● **YOUR GOAL**
Pictures are not part of the copy. Set down exactly the lines from the one containing "concept camera albergo di design" through the last line of the material below.

● **DATA BLOCK**
▼▼▼
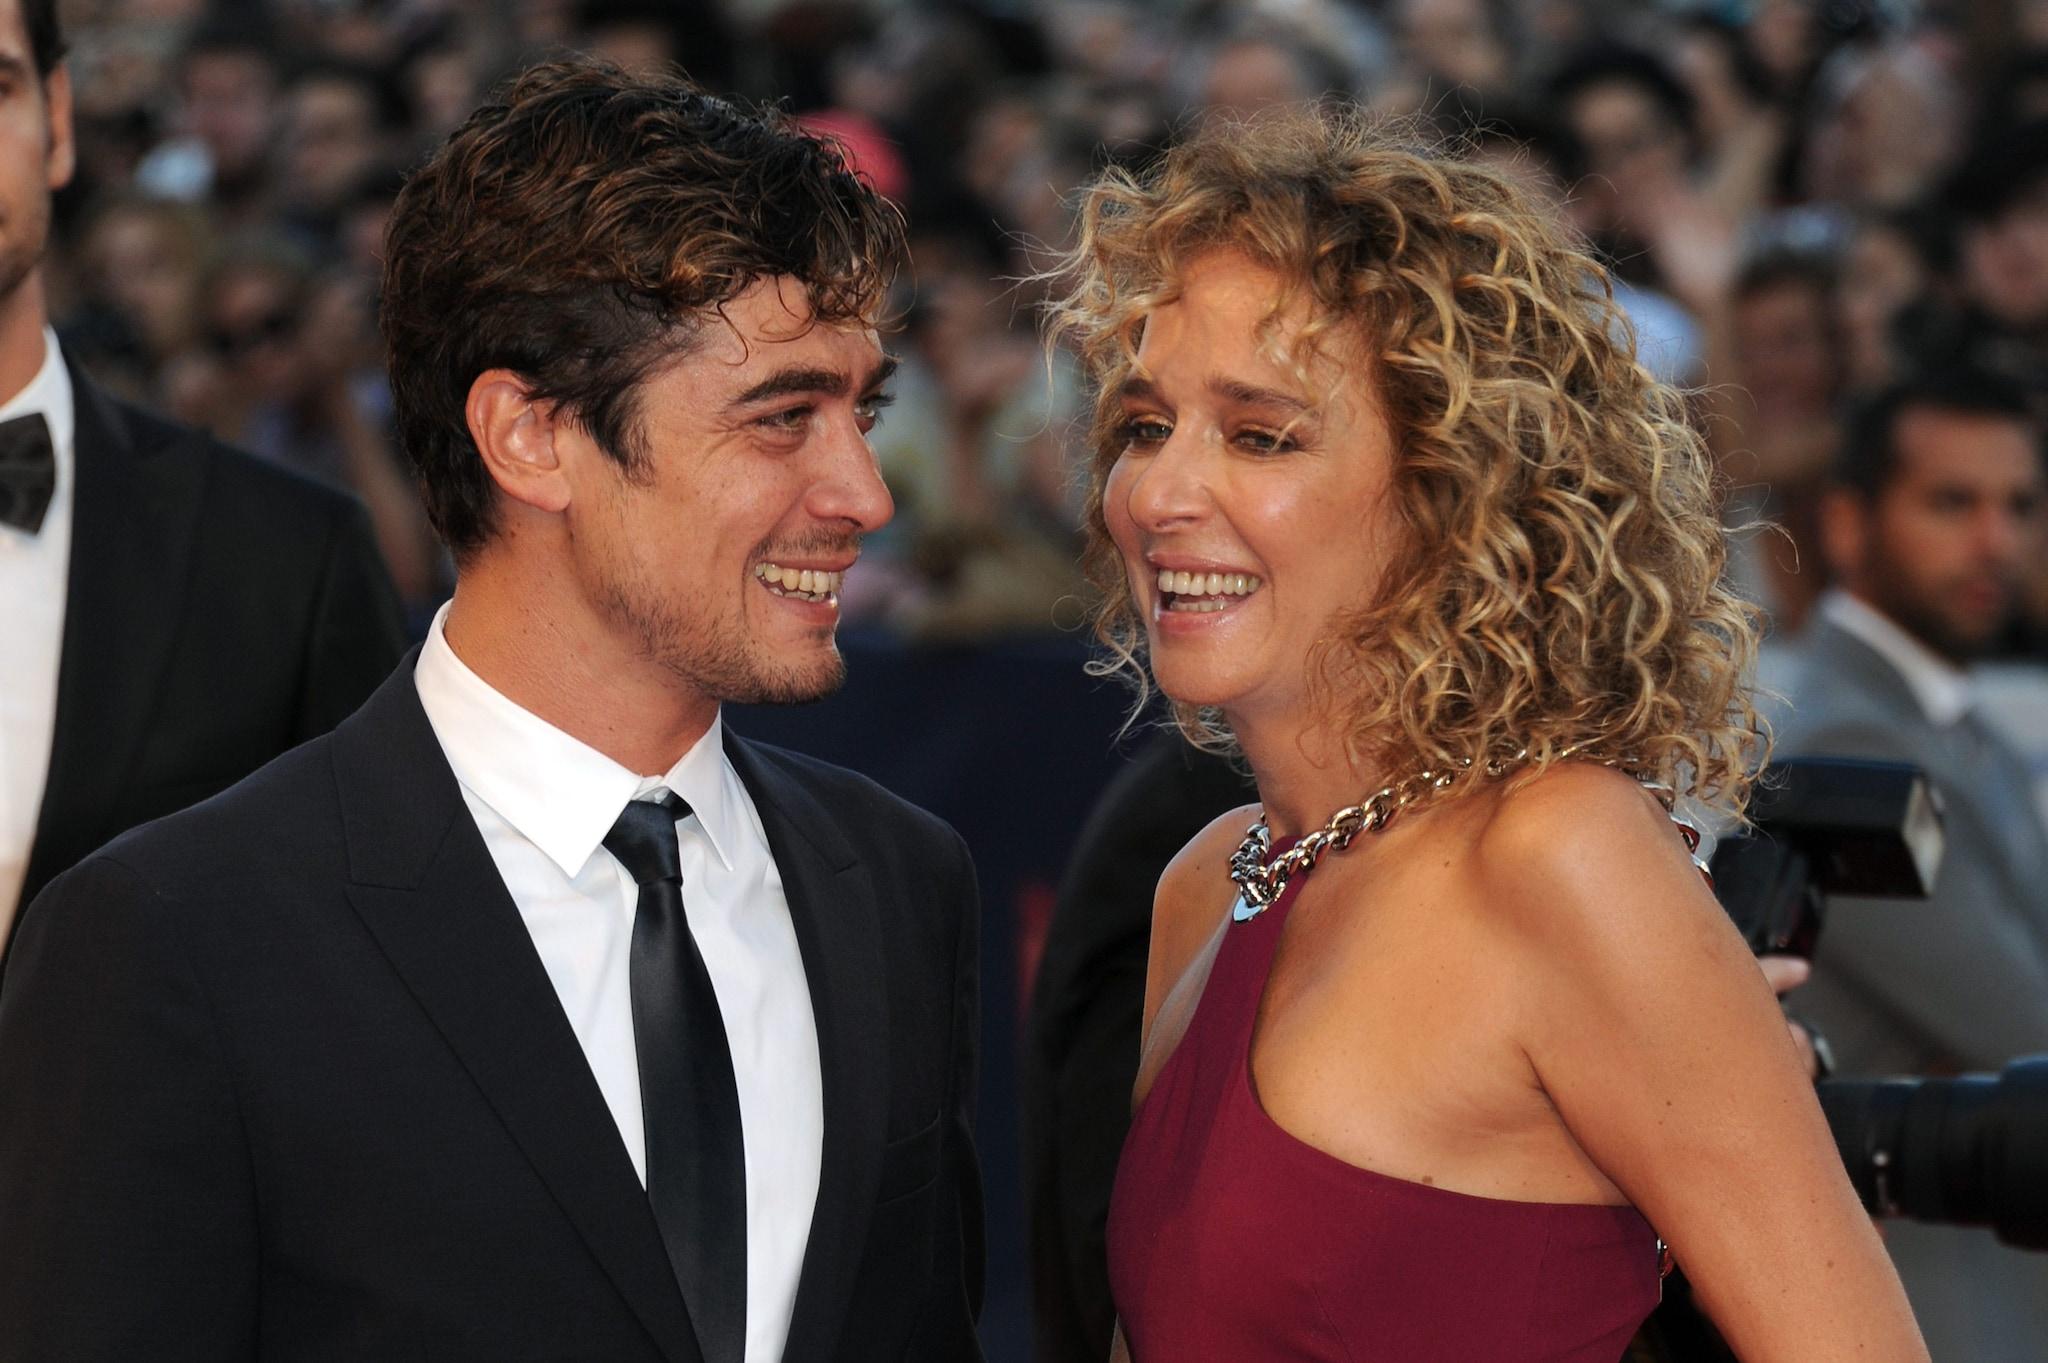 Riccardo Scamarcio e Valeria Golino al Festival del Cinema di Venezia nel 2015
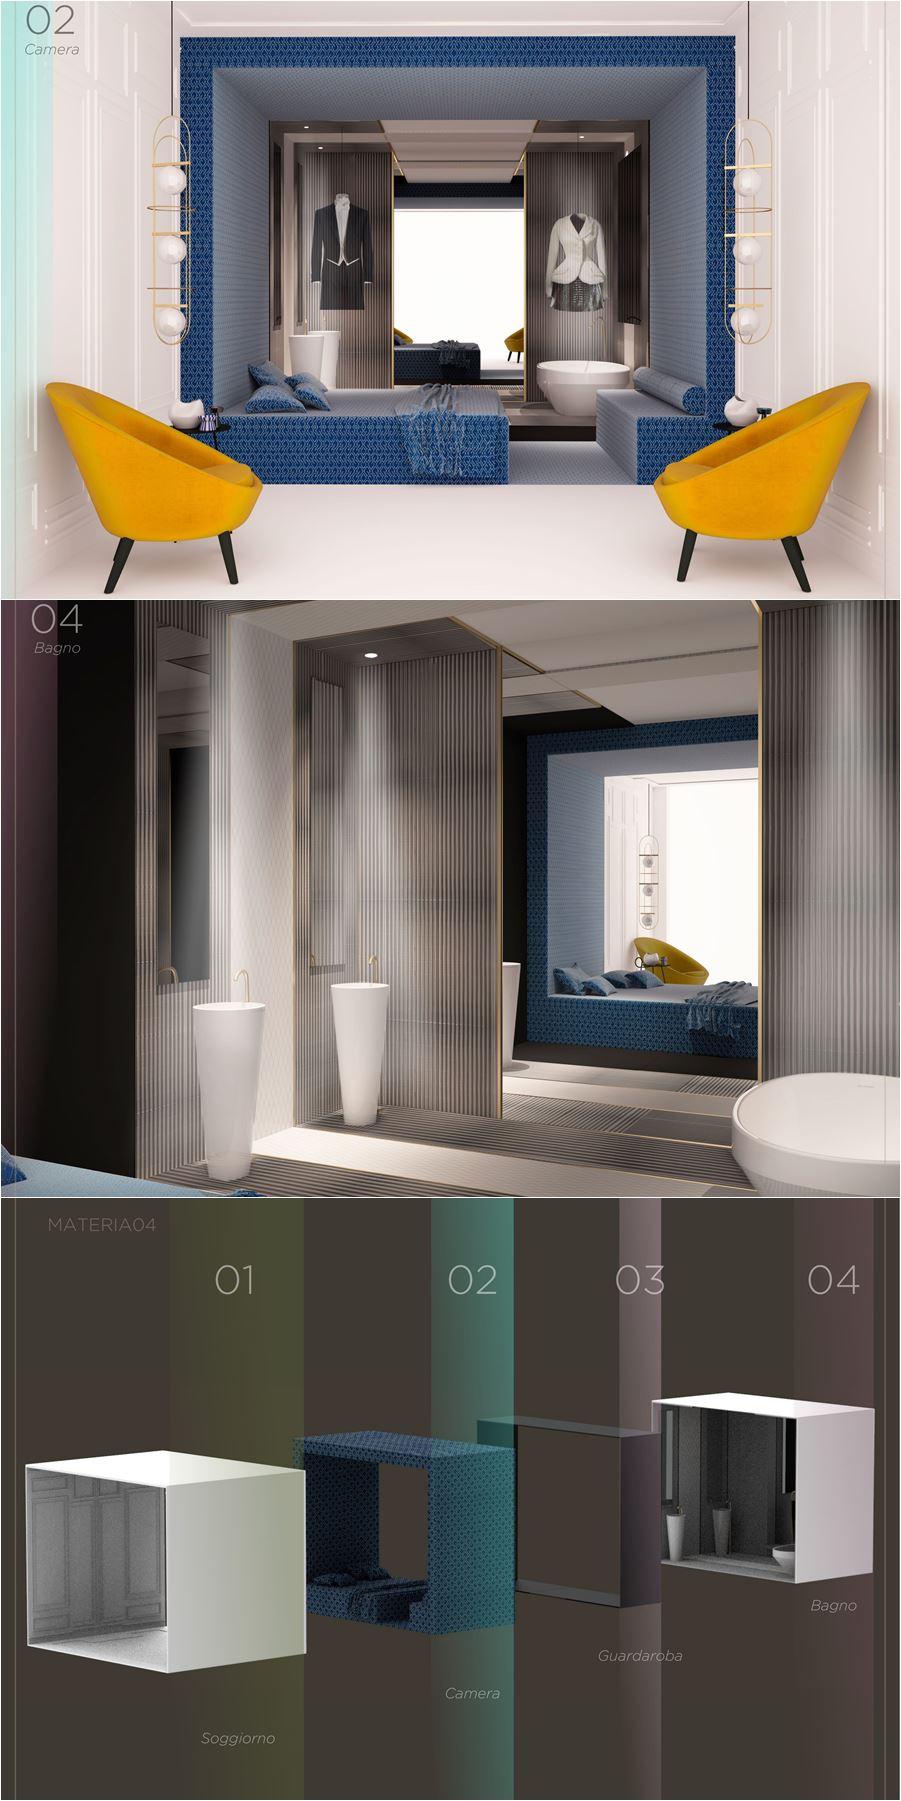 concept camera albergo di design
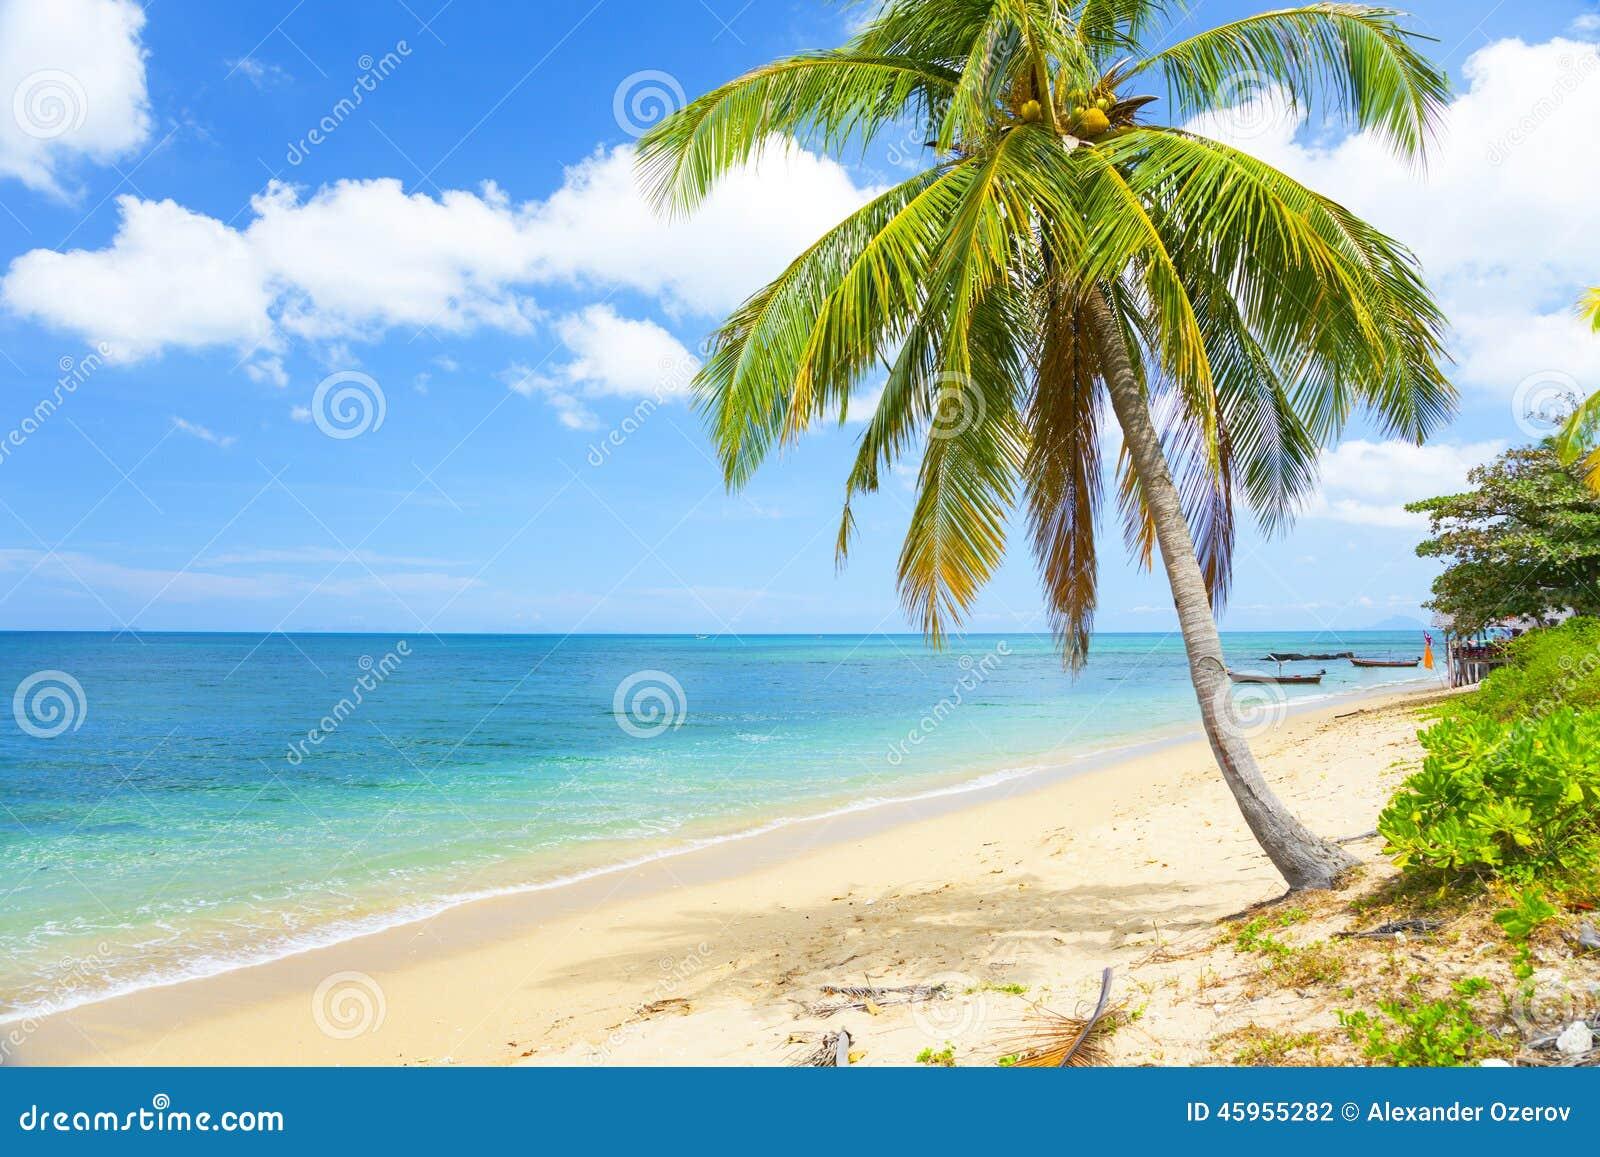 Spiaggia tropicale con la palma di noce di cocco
▲▲▲
● **ANSWER SECTION**
 concept camera albergo di design
 Spiaggia tropicale con la palma di noce di cocco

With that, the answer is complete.